My eyebrows shot up. “What happened?” I motioned at the chair in front of my desk. “Sit, sit.”

“That’s fine—I have to run to an interview now, and it’s a short story anyway.” Austin perched on the back of the chair, arms crossed and lips pursed into a slanted half-smile. “Charlie ended up with food poisoning last night. He thinks it’s a salad he had for lunch. I wasn’t about to hide the ring in a bottle of Pedialyte, so I decided to hold off for a better time.”

“Ah, damn. And how is he feeling today?”

“Better. Ringless and a few pounds lighter, but better.”

I chuckled at that. Austin looked like he had stayed up all night with Charlie judging by the bags under his eyes and the lack of gel in his hair. Those two were a perfect pair, the kind that welcomed you in only after a few hours of meeting them, making you feel like part of their family. I was born and raised in a small town in New Jersey until my parents moved to Blue Creek for a job when I was sixteen. My paths had never crossed with Austin and Charlie until I started working at Stonewall much later, about two months after Stonewall had opened up their offices, but from the first night we went out for drinks, I could already feel a strong friendship with them forming.

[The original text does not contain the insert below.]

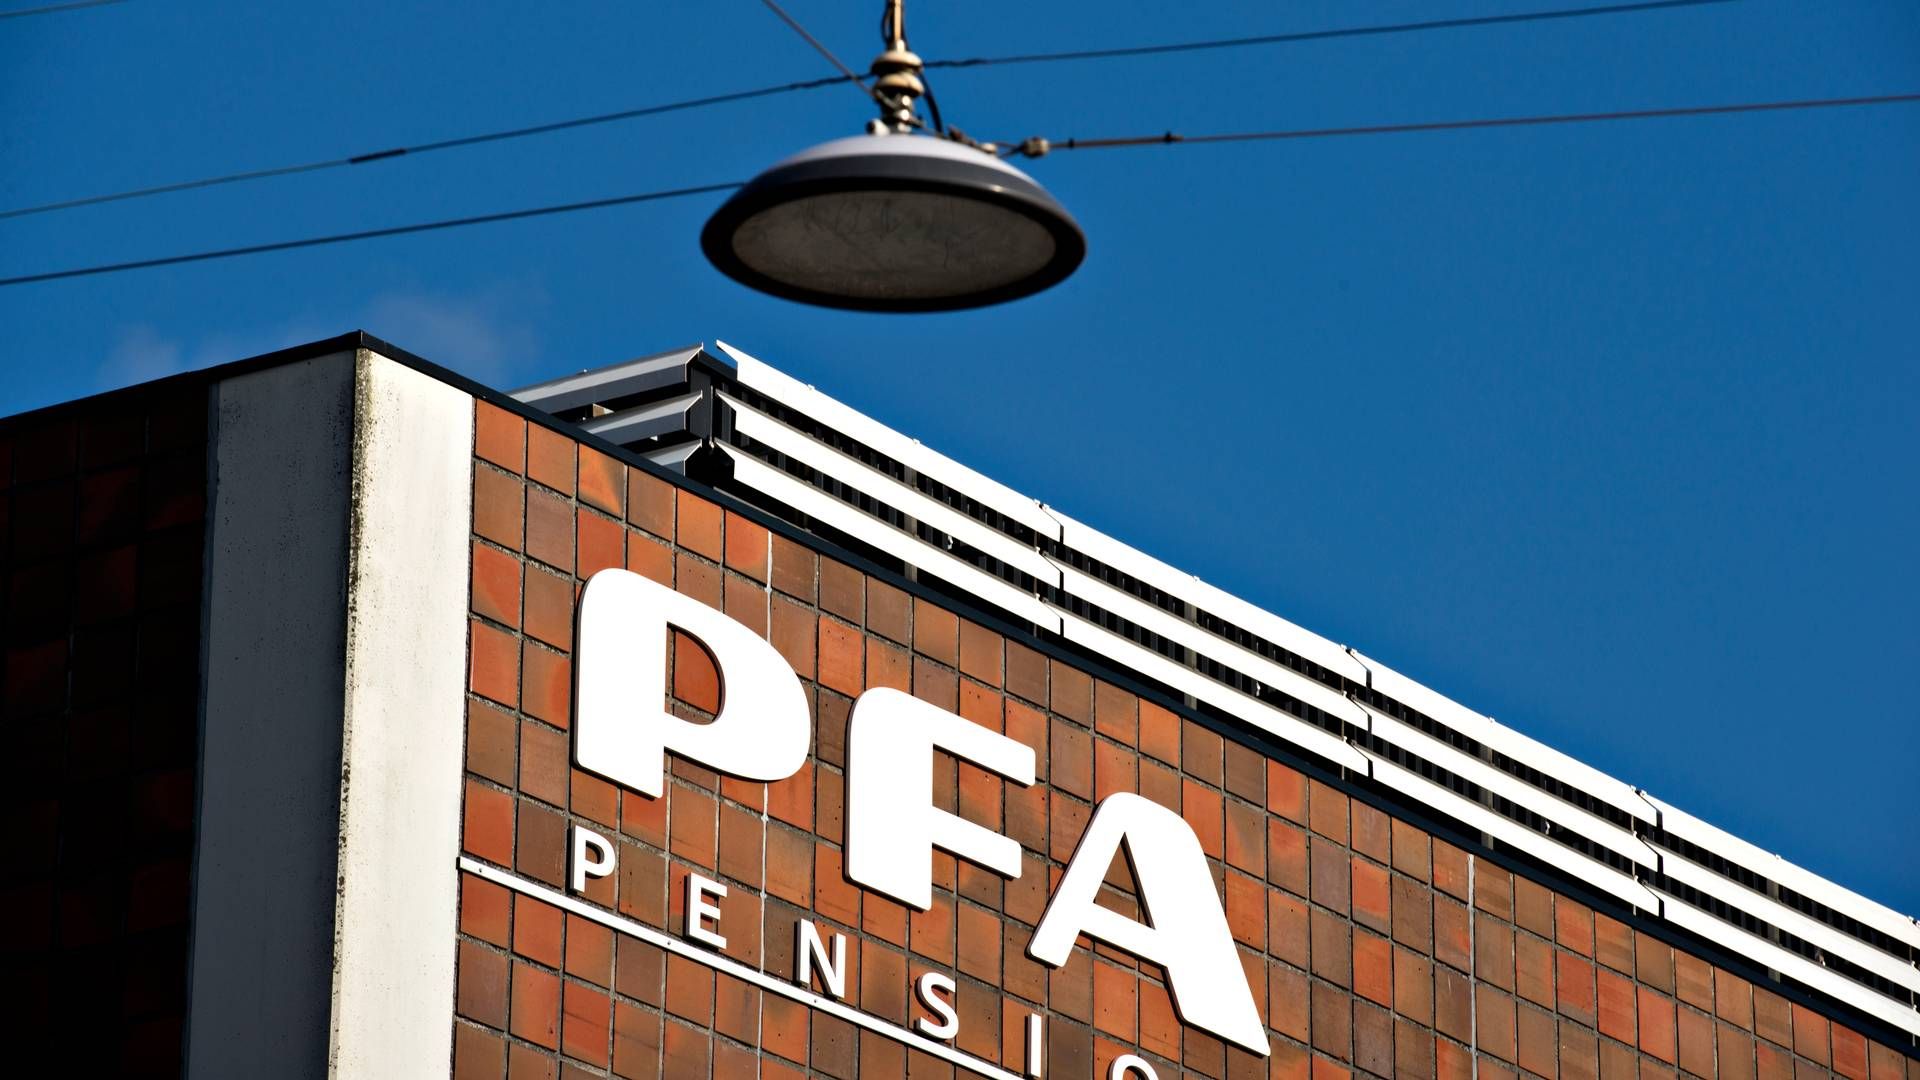 PFA er landets største kommercielle pensionsselskab og har omkring 1,3 mio. kunder. | Foto: Lars Krabbe/Jyllands-Posten/Ritzau Scanpix

Next to the reliable air-conditioning and lack of active FBI investigations, meeting Austin and Charlie was one of the best things about working here.

“It’ll happen when the time is right,” I reassured him. “Unless you’re me and get engaged the morning of a category five hurricane which gives perfect cover for your scam-artist fiancé to rob you blind and disappear across state lines.”

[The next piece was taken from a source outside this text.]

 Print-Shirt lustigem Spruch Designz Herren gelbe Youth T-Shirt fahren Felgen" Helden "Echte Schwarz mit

Austin’s eyes popped open and almost rolled across the floor. “Wait, wait, hold up—a hurricane? A scam artist?”

“Yup. I think the technical term for that is a ‘shitshow.’”

Austin laughed, still wearing a shocked expression. He glanced at the clock on the wall. If it wasn’t for his scheduled interview, I had a feeling he’d spend his entire morning in my office listening to my story. Instead, he shook his head in disbelief and started walking backward.

“I’m coming back for this story. This is me pressing pause.”

I froze in place, earning another chuckle from Austin as he said goodbye and disappeared, promising to come back the second he had a chance.

With the door closed and my “pause” over, I got to work, spreading out all the files and folders across my wide oak desk so that I could see everything. The Unicorn had terrorized the gay community in New York for years, killing innocent men by impaling their foreheads with a unicorn horn, leaving them splayed out on the bed in a pair of white briefs. It was Zane who had discovered the monster behind the killings: one of Stonewall Investigation’s own detectives. The sick fuck had weaseled his way into the detective agency without anyone suspecting a thing, continuing his killing spree right underneath Stonewall’s nose.

Leo was still serving his three life sentences behind bars and didn’t seem to have anything to do with the recent murders in Blue Creek. The pattern had been broken as well, with a woman as the first victim. Previously, only gay men had been targets, but this new Unicorn—this Pegasus— seemed to have broadened their horizons, changed up the pattern.

Dug up the terror and placed it on a platter to serve.

As I scanned a stack of crime scene photos, a knock on my door drew my attention. “Yeah?”

Darien popped his head in. “Hey, Ryan, if you’re not busy stress preening, I’ve got a client here. He asked for you by name.”